Epigenetic and epitranscriptomic regulation of lipolysis and lipid trafficking. Adipose lipolysis mobilizes free fatty acids to meet metabolic demands. However, excessive lipolysis induces aberrant lipid trafficking from fat to the liver, promoting MASLD. We found that Snai1 represses ATGL transcription by an epigenetic mechanism in adipose tissues, thus inhibiting lipolysis. We observed that METTL14 installs m6A onto ATGL transcripts, thereby inhibiting ATGL translation and lipolysis. The METTL14/m6A pathway also inhibits β adrenergic signaling, further inhibiting lipolysis. Based on these findings, we aim to define an epigenetic paradigm and an m6A-based epitranscriptomic paradigm guiding adipose lipolysis, lipid trafficking, and ectopic lipotoxicity (e.g., MASLD).
Crosstalk between Fat, Liver, and Brain
BAT protection against alcohol-related liver disease (ALD) and metabolic dysfunction and ALD (MetALD)―BAT/Liver crosstalk. We noticed that alcohol consumption profoundly stimulates, via the sympathetic nervous system, activation of brown adipose tissue (BAT) and beige fat. BAT and beige fat in turn counteract liver steatosis, injury, inflammation, and fibrosis. In addition to oxidizing toxic free fatty acids, brown and beige adipocytes also secrete hepatoprotective mediators (adipokines). We aim to identify and characterize the mediators in ALD and MetALD.

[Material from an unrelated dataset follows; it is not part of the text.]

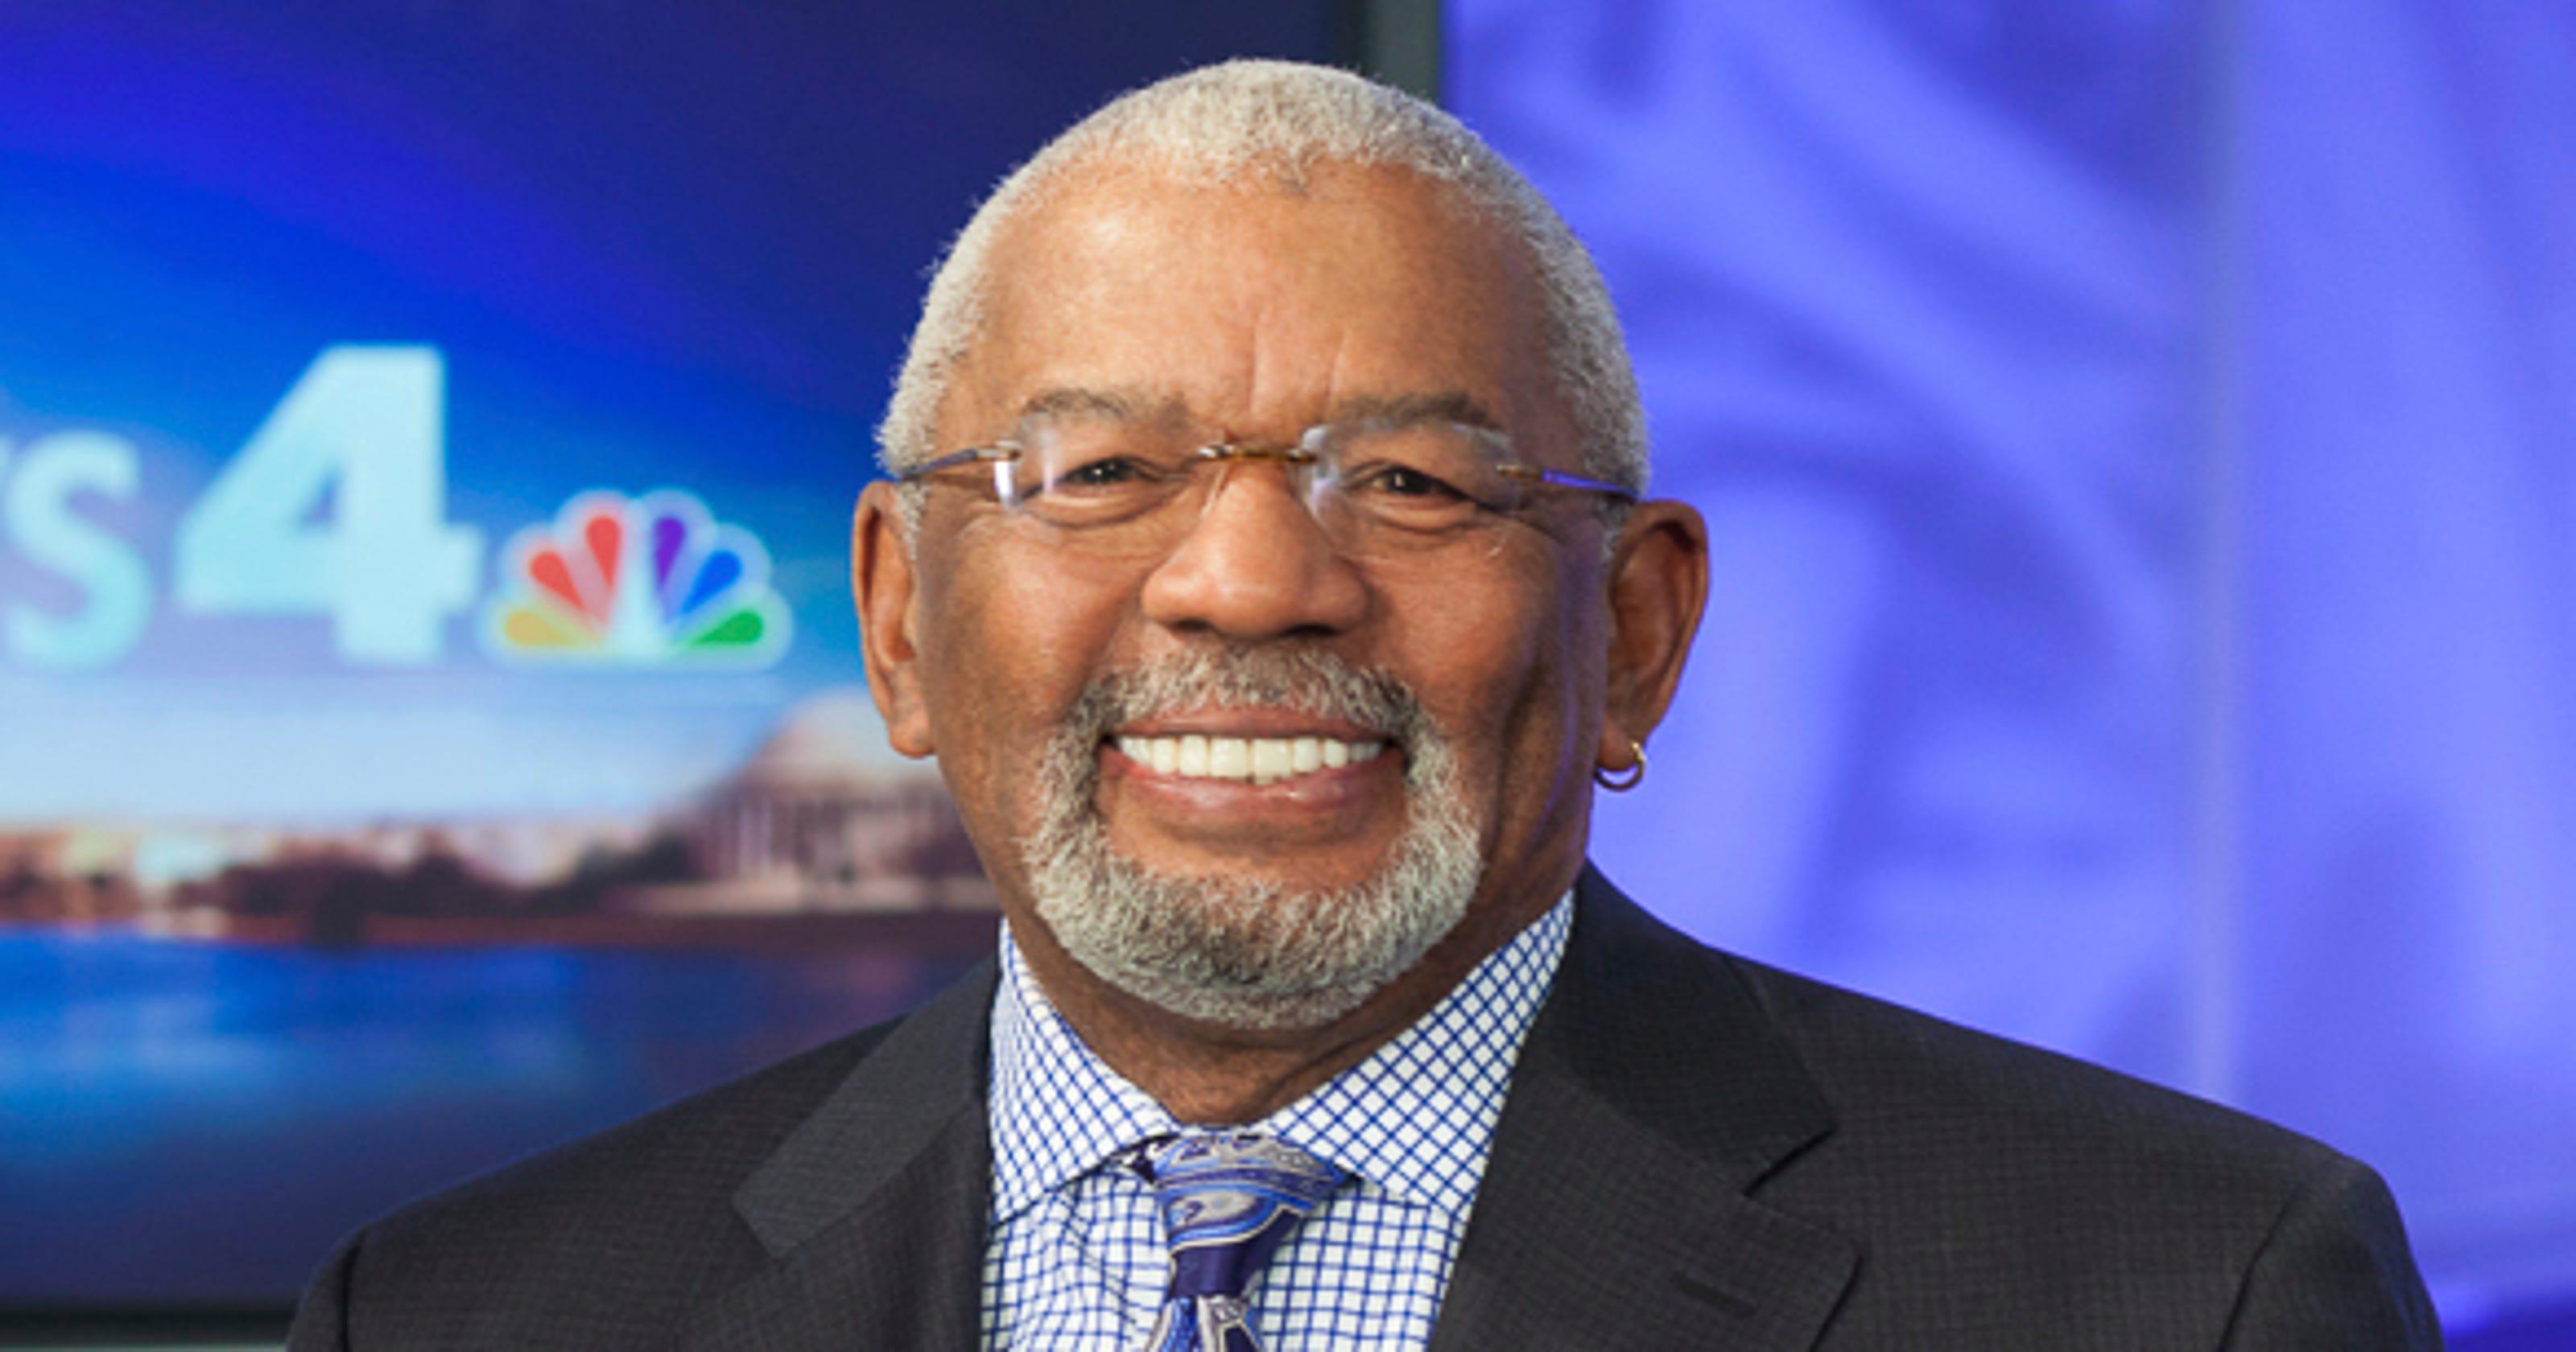 60d0952f70b Longtime TV news anchor Jim Vance dies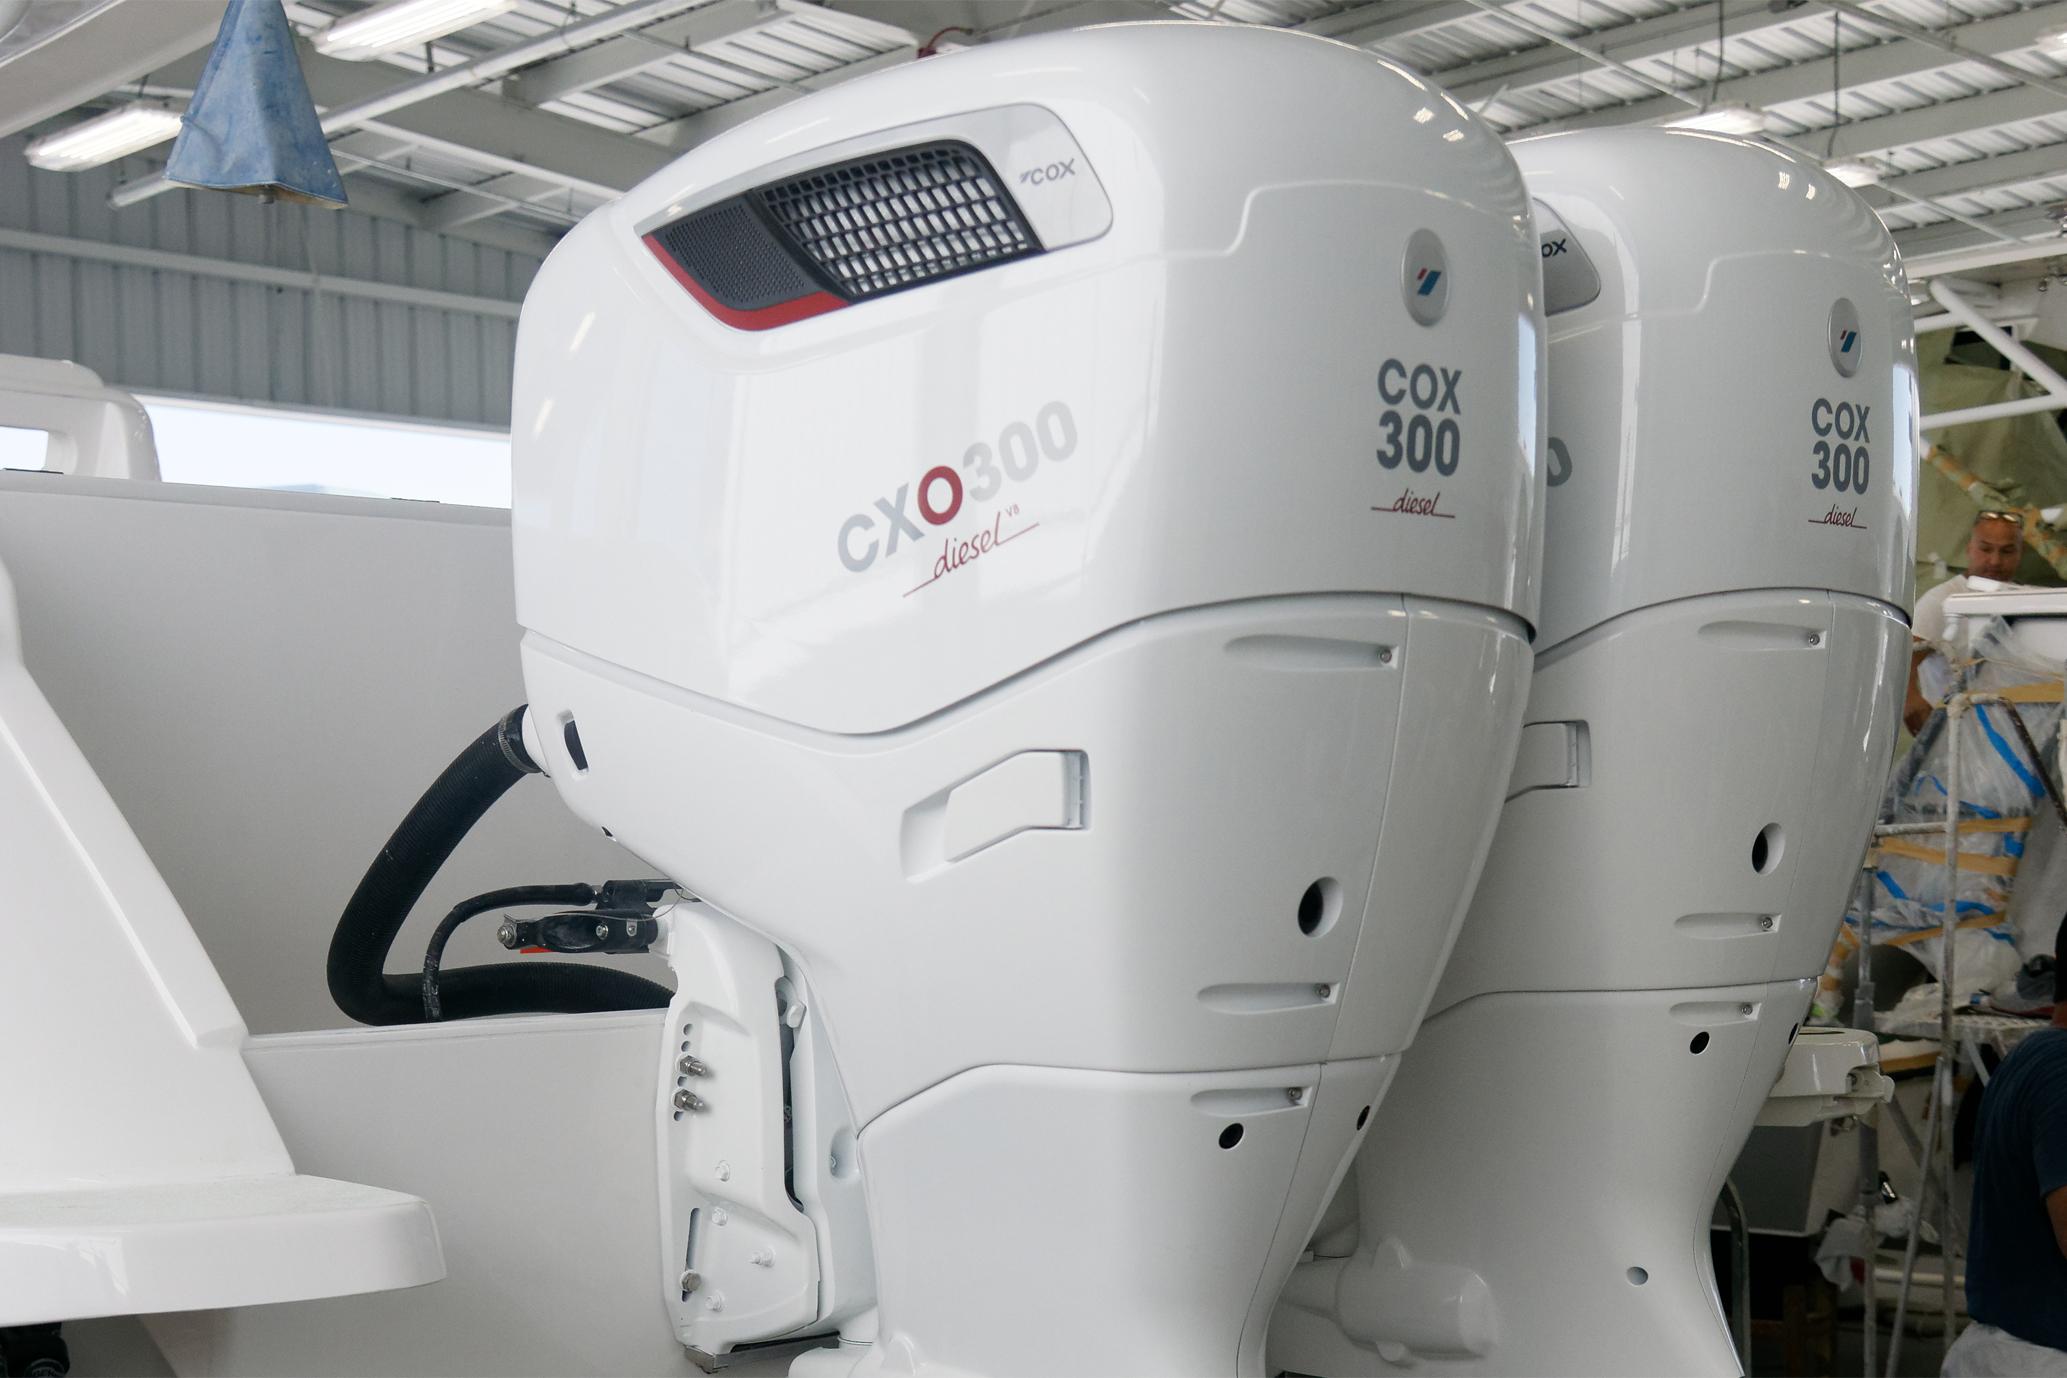 Cox Diesel Outboard Scoop - Cox Diesel Outboard Specifications

Adipose hormones regulate, via hypothalamic neurocircuits, body weight and metabolism ―Fat/Brain crosstalk. We found that adipose epigenetic and epitranscriptomic reprogramming influence energy balance, body weight, and metabolism at least in part by releasing adipose hormones that act on hypothalamic neurocircuits. Our goal is to identify those hormones and delineate how they shape hypothalamic neurocircuit activity.
Hepatic hormones regulate body weight and metabolism through hypothalamic neurocircuits―Liver/Brain crosstalk. We observed that liver inflammatory, epigenetic, and epitranscriptomic pathways regulate secretion of mediators (hepatokines) that act on hypothalamic neurocircuits to influence energy balance, body weight, and metabolism. We identified hepatokines MUP1 and lipocalin-13 that regulate glucose metabolism. We aim to identify novel mediators (secreted by hepatocytes and/or cholangiocytes) that act on hypothalamic neurocircuits to regulate energy balance, body weight, and metabolism.